Еще одна ослепительная вспышка молнии ярко осветила пространство вокруг моего самолета. Я увидел темные облака над собой и черный гребень горного хребта, через который мне предстояло лететь. Потом снова тьма, и потоки дождя, и только приветливый свет маяка подо мной.
Целый час я блуждал, пробираясь от маяка к маяку. Молния сверкала теперь позади меня, все дальше и дальше. От одного маяка уже можно было разглядеть следующий. Над головой появились звезды, очень тусклые. Я летел в негустом тумане.
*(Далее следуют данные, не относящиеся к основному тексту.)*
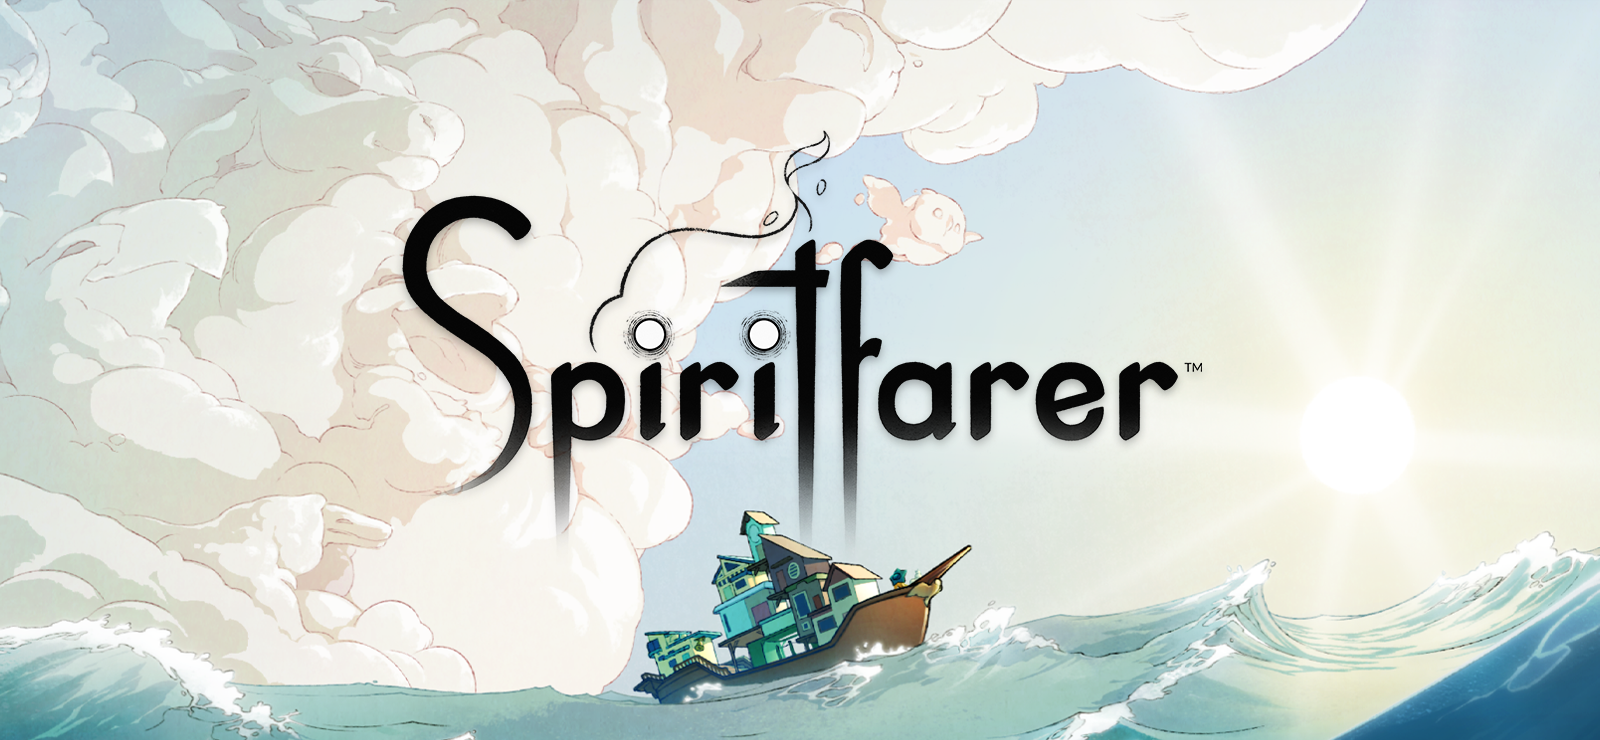 Spiritfarer Demo on GOG.com

Пролетая над аэродромом Хэдли, штат Нью-Джерси, я видел, как весело поблескивали огни, отмечавшие его границы. Я полетел дальше, к аэродрому Рузвельта. Теперь я был почти что дома.
Я заметил, что огни городов подо мной тускнеют. Я взглянул вверх. Звезд не было. Я опять посмотрел вниз. Огни исчезли! Я шел слепым полетом в густом тумане. Пришлось ориентироваться по приборам. Я поднялся выше. На высоте трех тысяч футов я увидел звезды. Туман остался внизу.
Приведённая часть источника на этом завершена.